Hyderabad: The Comptroller and Auditor General (CAG) has found that government hospitals and Primary Health Centers (PHCs) in the state have failed to procure enough Essential Medicines List (EML) and Additional Medicines List (AML) items over the years.
The CAG noted that while the Corporation was supposed to review and update the EML/AML every two years, this was only done twice, in 2015 and 2019. In 2017-18, only 396 out of 530 items on the 2015 EML list were procured. This number dropped to 336 in 2018-19 and 266 in 2019-20.
Similarly, for the 2019 EML list, which required 338 items, only 209 items were procured in 2020-21, and 197 in 2021-22. Many health facilities did not implement the e-Aushadhi system to the Medicine Distribution Centre (MDC) level, and there were gaps and inadequate validation controls in the e-Aushadhi application.
Essential drugs are crucial for meeting the healthcare needs of a population. The CAG’s review showed that in 11 out of 14 district hospitals, medicines for 20 out of 39 therapeutic groups were not available.
Out of 16,016 Purchase Orders (POs) issued, drugs were supplied for only 13,950, leaving 2,066 POs unsupplied. No penalties were imposed on suppliers for this. Additionally, the Corporation issued 19 POs beyond the agreed Rate Contract (RC), causing an excess payment of Rs 1.65 crore to nine suppliers. Drugs worth Rs 17.13 crore, with leftover shelf lives ranging from 1 to 89 days, were issued to 1,259 health facilities between 2016-17 and 2021-22.

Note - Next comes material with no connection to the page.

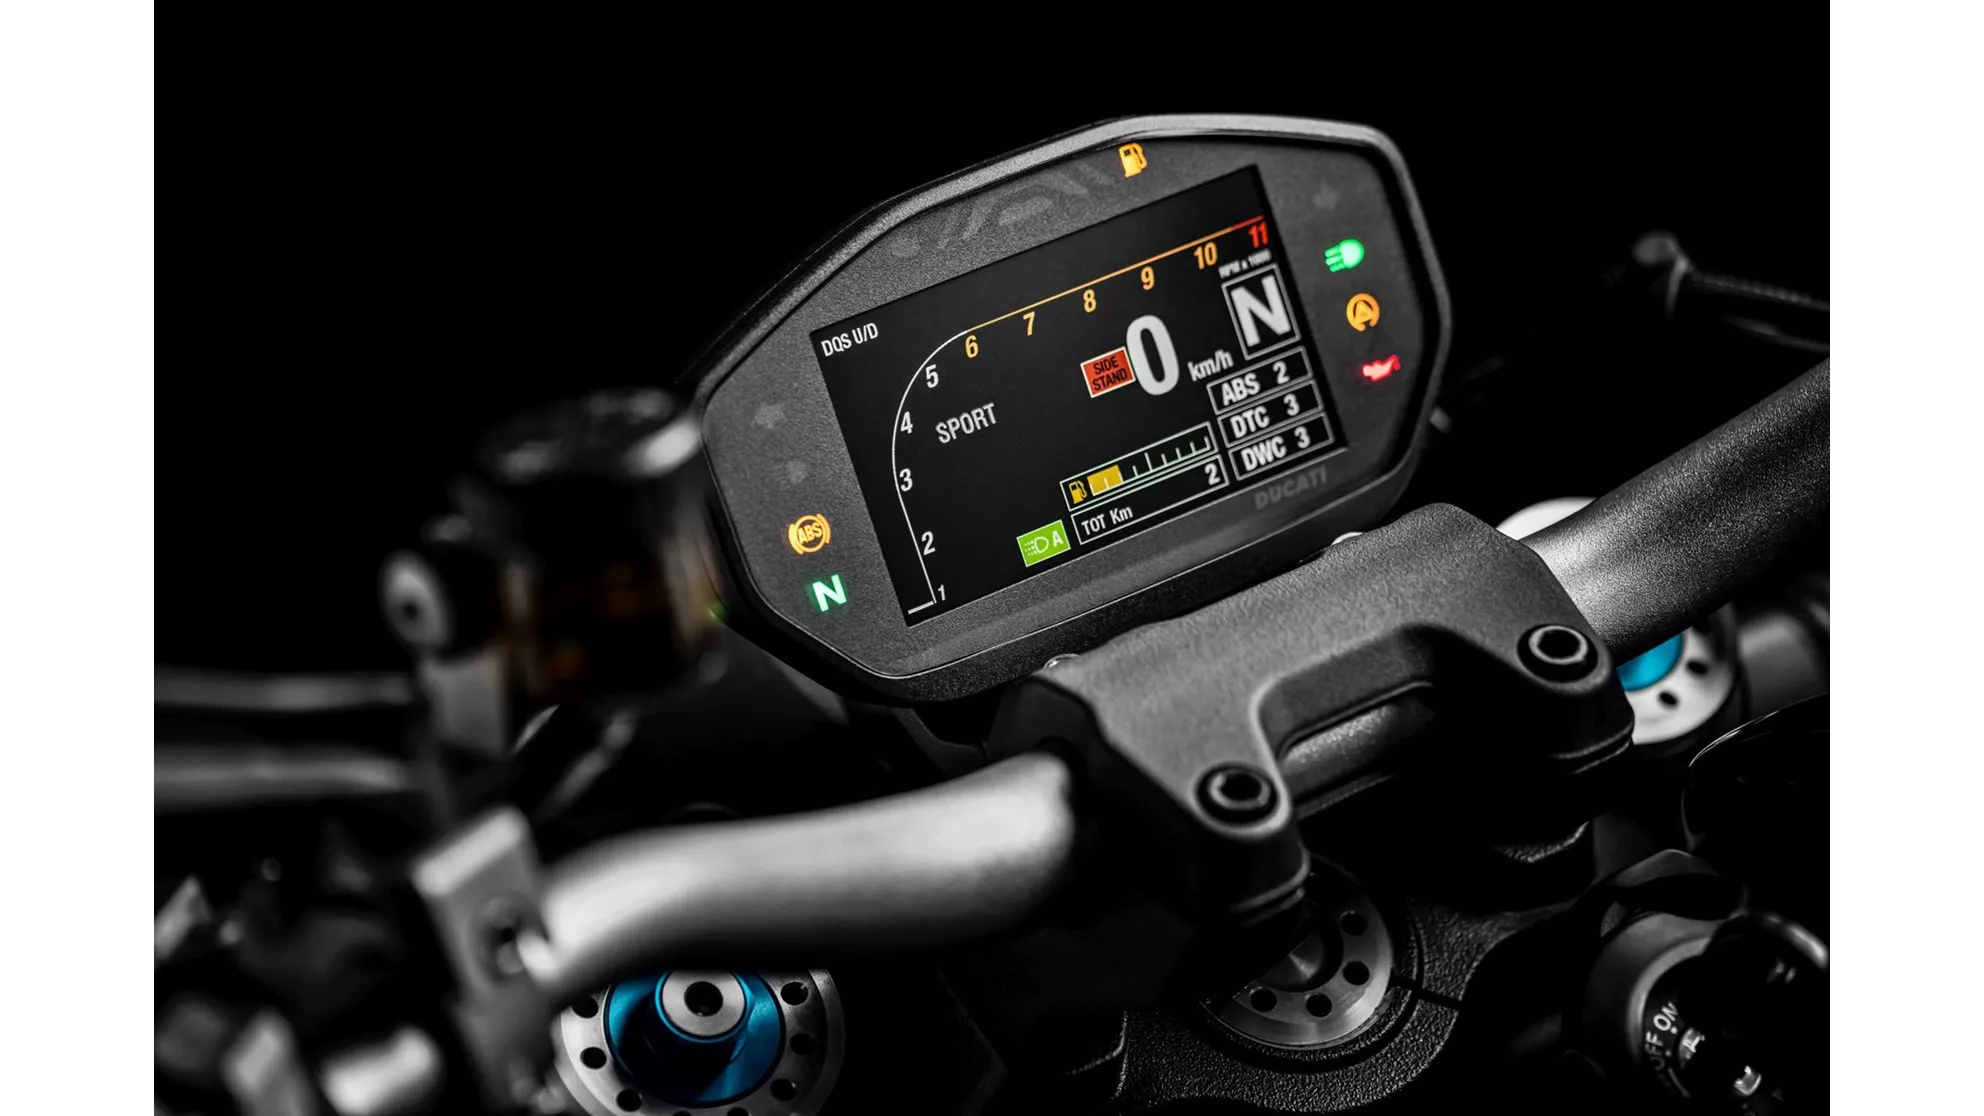 Bild Ducati Monster 1200 S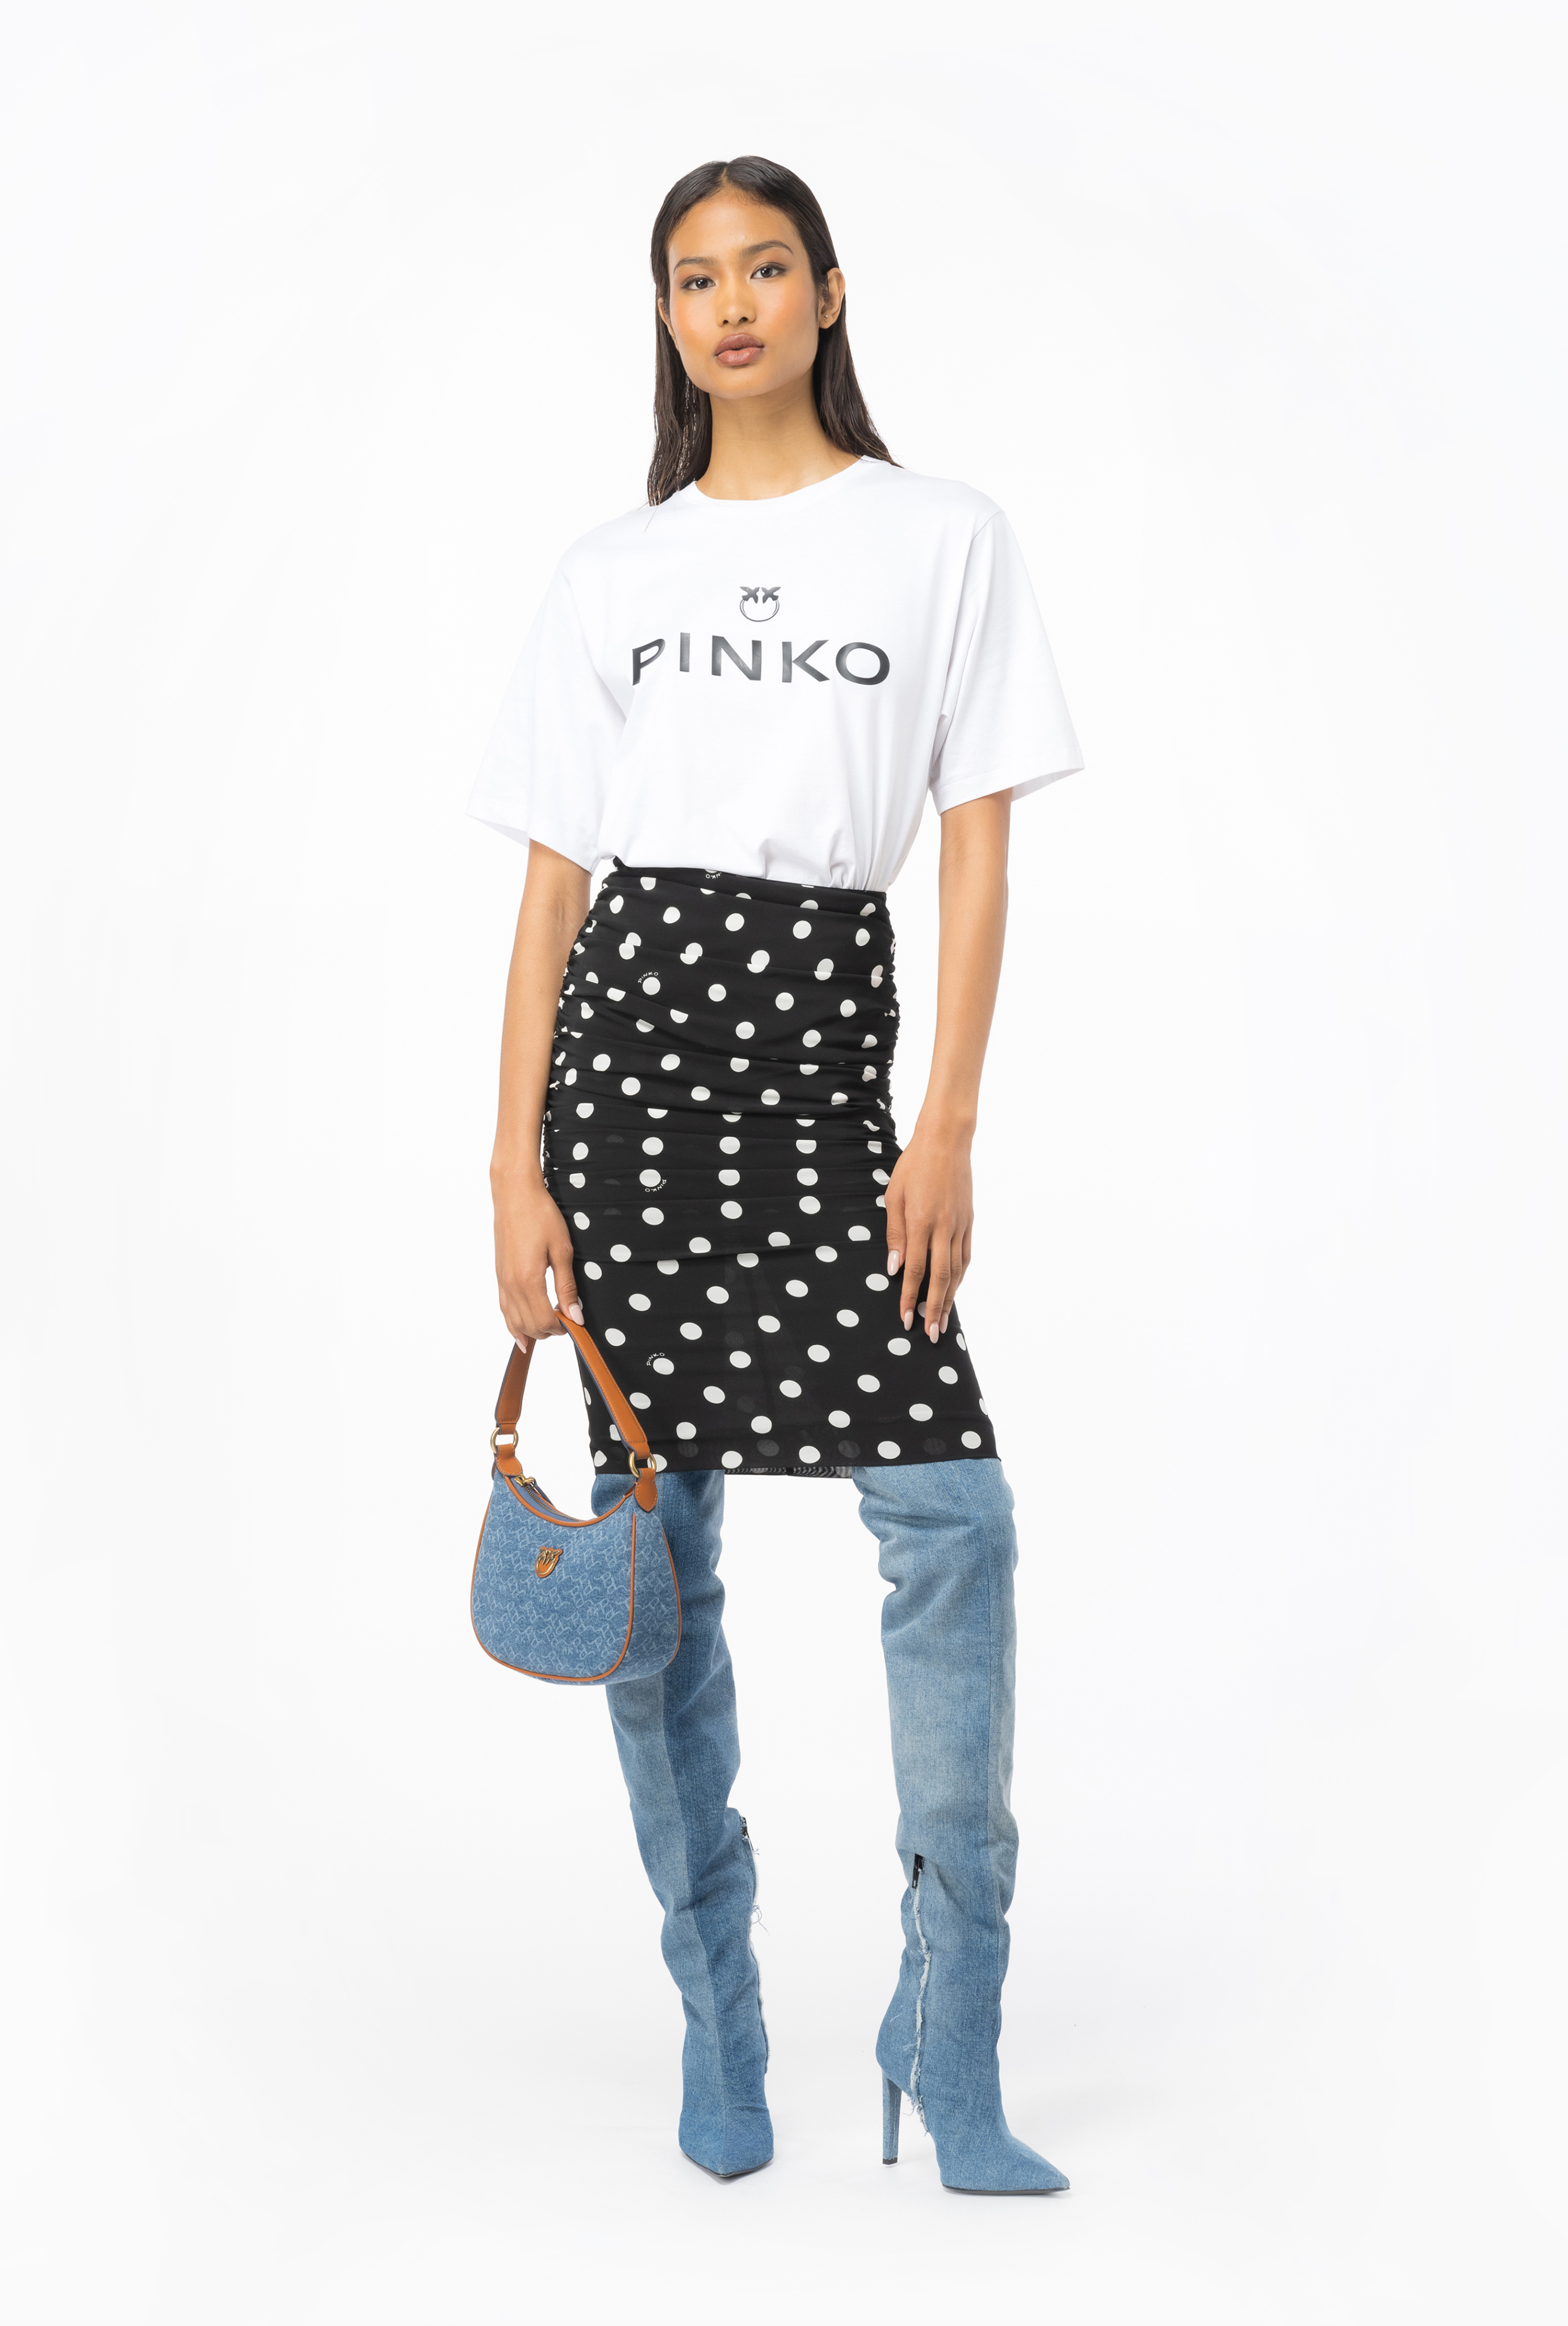 Pinko, Polka-Dot Shirt, Black/White, 40

According to e-Aushadhi data, expired drugs valued at Rs 390.26 crore were not replaced timely, leading to significant financial losses for the government. Out of 39,258 batches of drugs/surgical/CTS items, 2,392 batches were not sent for quality checks. Additionally, 32 batches of drugs were issued to health institutions without mandatory testing.
Deficiencies in drug storage were observed in Central Medical Stores in Hyderabad, Mahabubnagar, and Warangal, making drugs susceptible to damage, contamination, and theft, posing risks to patients.
The CAG recommended that the government ensure the implementation of the e-Aushadhi application at all levels and strengthen its validation controls. The CAG also urged the government to follow rules regarding the timely return of near-expiry drugs to suppliers for replacement. Lastly, the EML and AML should be reviewed and updated at least every two years or more frequently if needed.